中年点头答应:“好的,小姐稍等一下。”将手中的抹布放下,走向厨房。
“好了,我们先吃早饭吧,吃完再去照爹爹!”芸析自顾自的坐上餐桌。
周兴茹也在一旁坐下,问到:“芸析,刚才那位是…”
“哦!我们一直都叫他张叔,从我小时候就在这里当烧菜师傅,为人可好了,每次我来这里老爹都只叫他炒一盘肉一盘青菜。有时爹爹忙,娘也过来帮忙,不过他们大清早就来,我来迟了只有一个人吃饭,那时张叔就会偷偷地给我多炒些菜。”芸析伸出筷子,夹起一大筷子的青椒肉丝放到碗里,狼吞虎咽起来,口齿不清的说,“快吃啊,虽然没有飞仙楼的好吃,但也很不错的。”
香儿早就拿起筷子吃了起来。周兴茹微微点头,拿起筷子夹了些青菜放入嘴中,味道不咸不淡,菜嫩汁多,香甜可口。

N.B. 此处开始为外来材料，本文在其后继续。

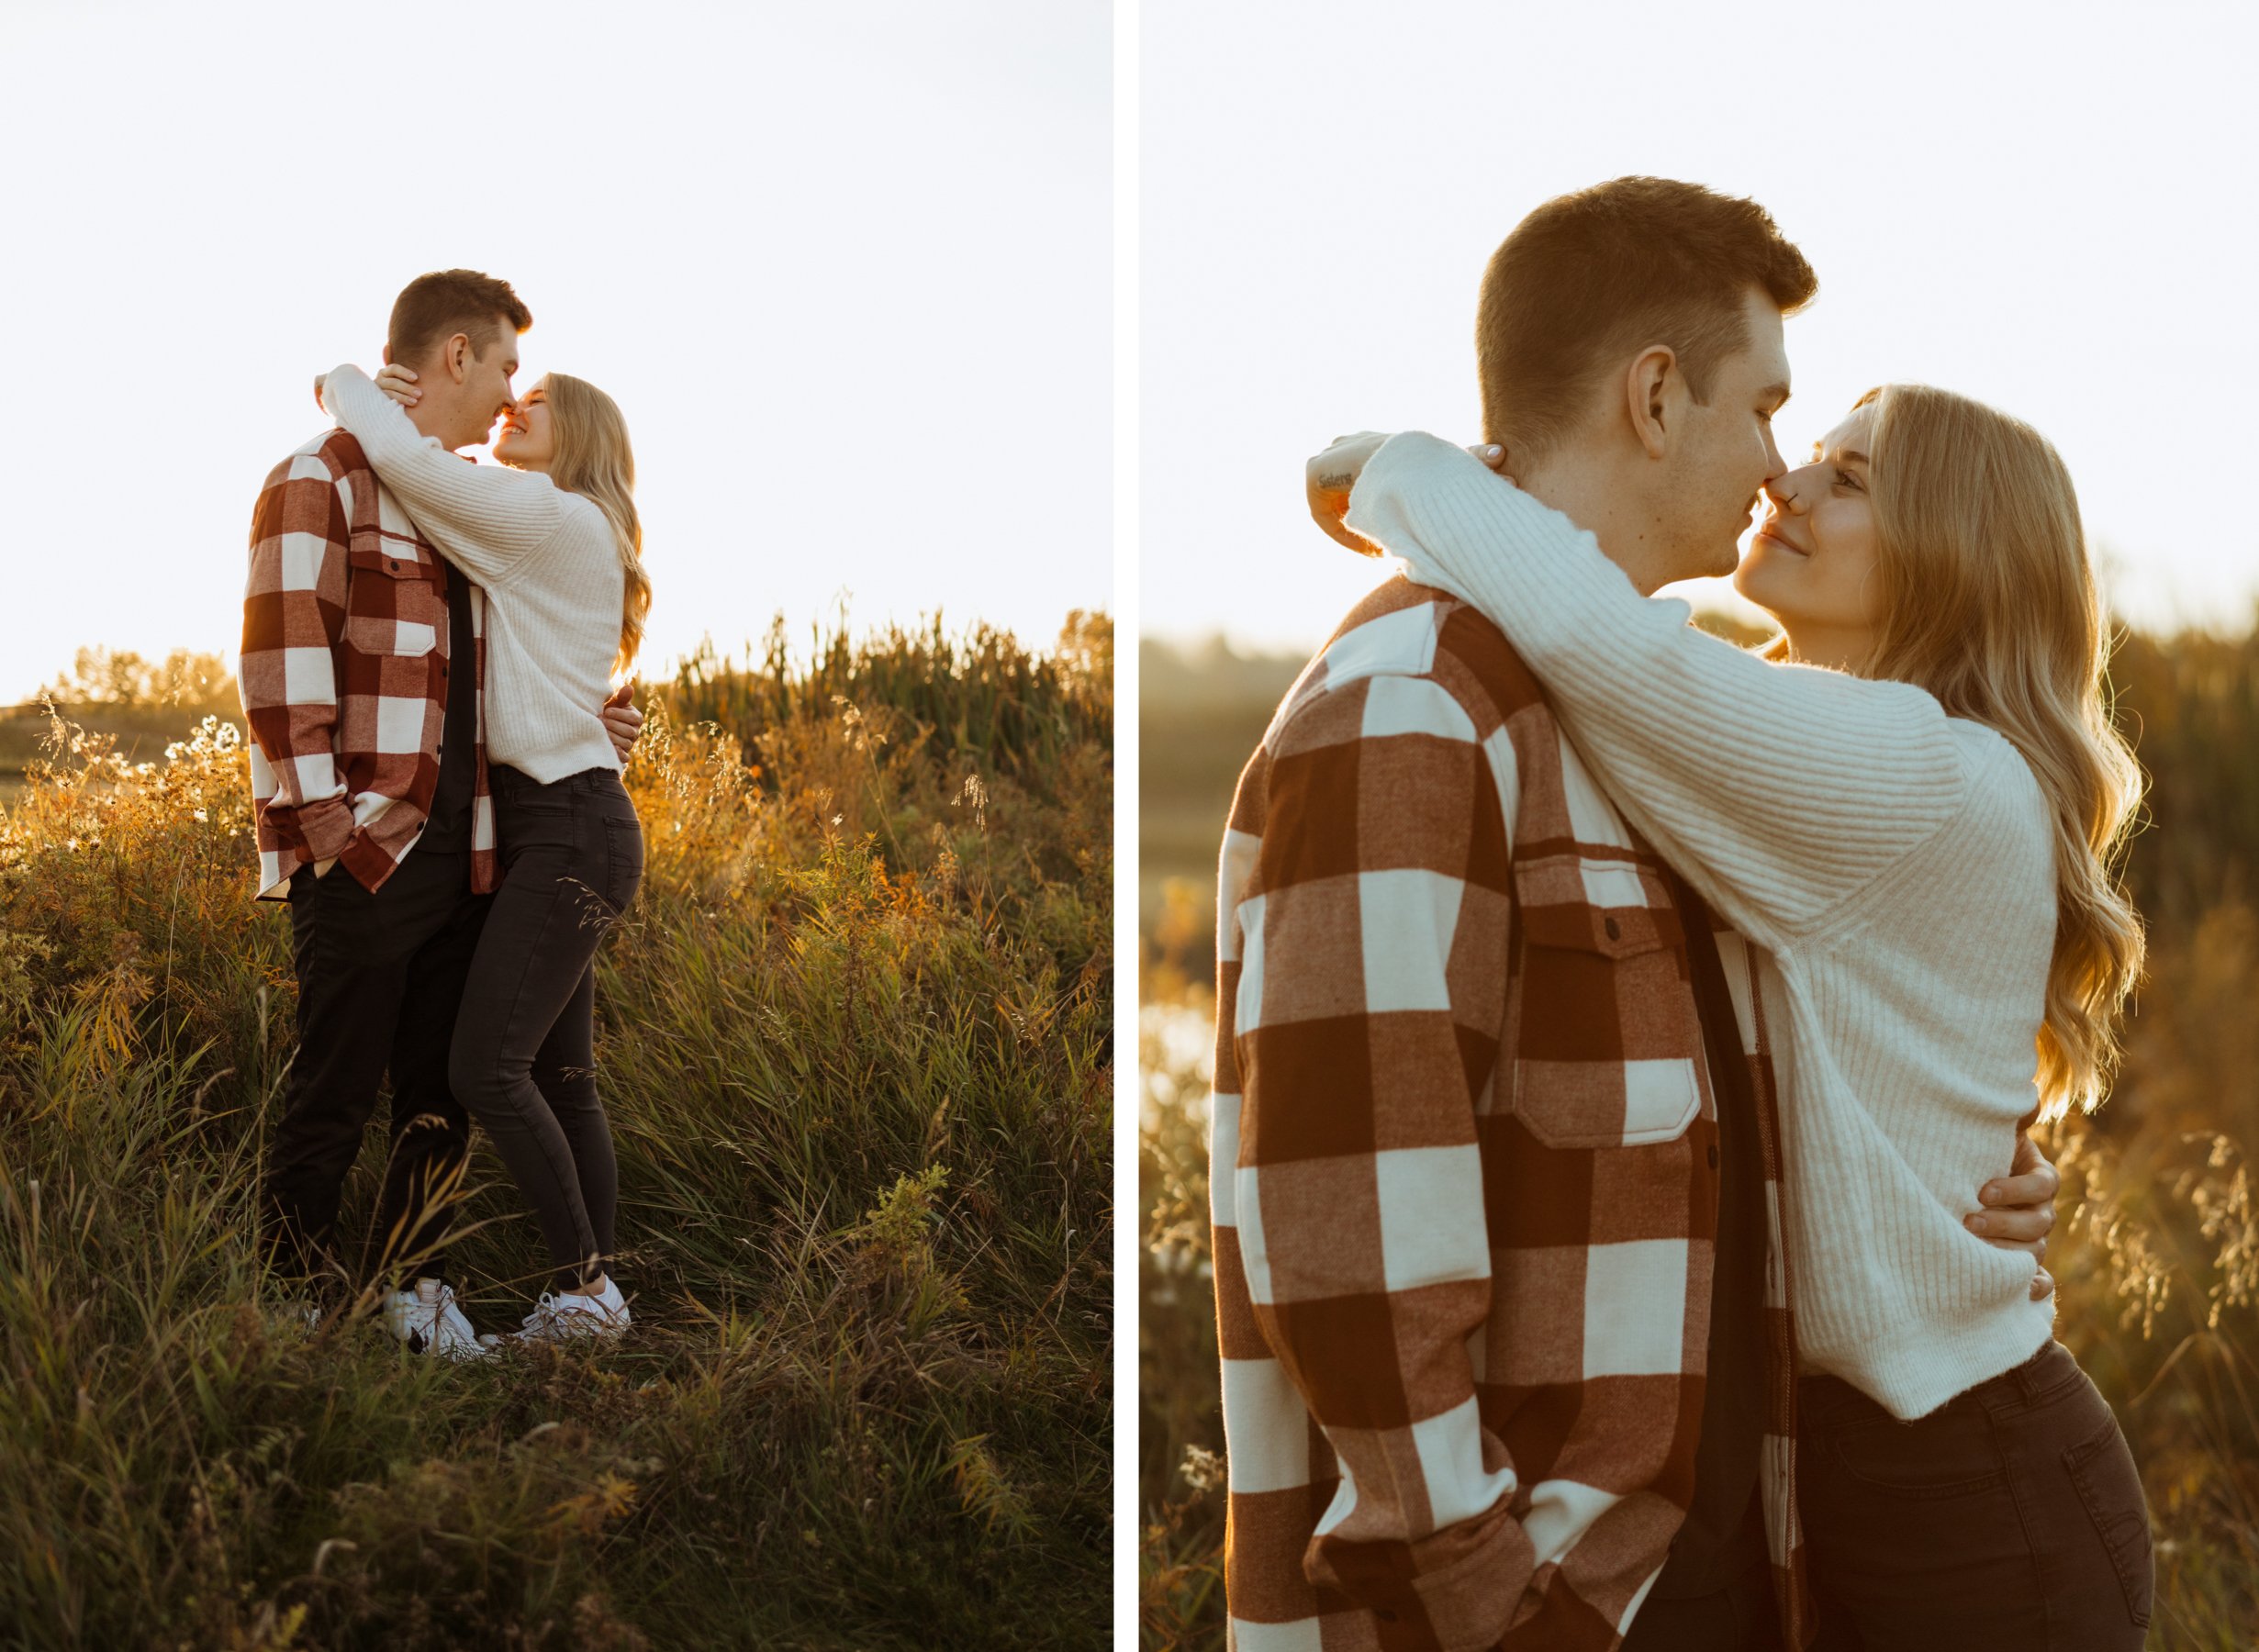 Calgary-wedding-photographer-love-and-be-loved-photography-Matthew-Kyra-Fish-Creek-Park-Fall-Engagement-Session-4.jpg

芸析看着周兴茹,微笑道:“怎么样,不错吧!有的时候我和香儿身上钱用光了,出去玩错过午饭时间的话也会来这里吃。”
香儿点头示意。
周兴茹淡淡一笑,夹些菜在碗中吃了起来。
没过多久,三人吃完早饭,周兴茹见那张叔正忙于擦桌子,便主动收拾起碗筷。周兴茹端着碗筷走到一张堆满碗筷的桌子上,放下碗筷的时候才注意到这里的碗筷虽然都是待洗的,但没有一个碗里带有米粒,顿时震惊,她注意到身旁一张盘子上放着一个碗,碗中也是没有剩下米粒,盘中还有一丝黄瓜,心中别是一番滋味。
此时抹桌子的张叔提着水桶走了过来。
“张叔,这里的碗碟里怎么没有剩菜剩饭呢?”周兴茹带着疑惑道。
中年拿起一块布,抹了抹脸上的汗,答道:“哦!有一次一位名叫李绅的农民来府中拜访大人,大人请他吃饭的时候,那李绅说了一句‘谁知盘中餐,粒粒皆辛苦。’并且在吃饭的时候筷子只夹一道菜,把那盘菜吃的精光,饭后对大人说‘其他菜我一样都没动过,一会儿叫厨子热一下给衙里的人加菜!’回来知府对我们衙里的人谈论,从那以后衙里的人在这儿的一日三餐就都是这番模样了。“
周兴茹听了张叔的解释,一副明了之色,便指着那还有一丝黄瓜的盘子:“那这是谁吃的?”
“哦!那是大人吃的早饭!”
“轰隆!”一道惊雷在周兴茹脑海闪现,虽然早有预料,但听到结果是却仍然不愿意相信,喉咙顿时像是被什么东西卡住,一时说不出话来。
“哎…”张叔发出一声长叹,“大人说自己没有种田耕地,却吃着上好的饭菜,白吃白喝农民的饭菜还要大鱼大肉的话就不符合为官之道了。”说着,张叔眼中默默流出了眼泪,“可是大人每天早上就只吃一盘凉拌黄瓜,喝一碗白开水,有一次我见大人劳累,就多给大人炒了一盘回锅肉,大人一时气恼,整天都没吃饭。只有在中午衙里上下众人一起吃午饭时,大人才会吃得好些!”话完,张叔的眼泪已经在地上湿了一块。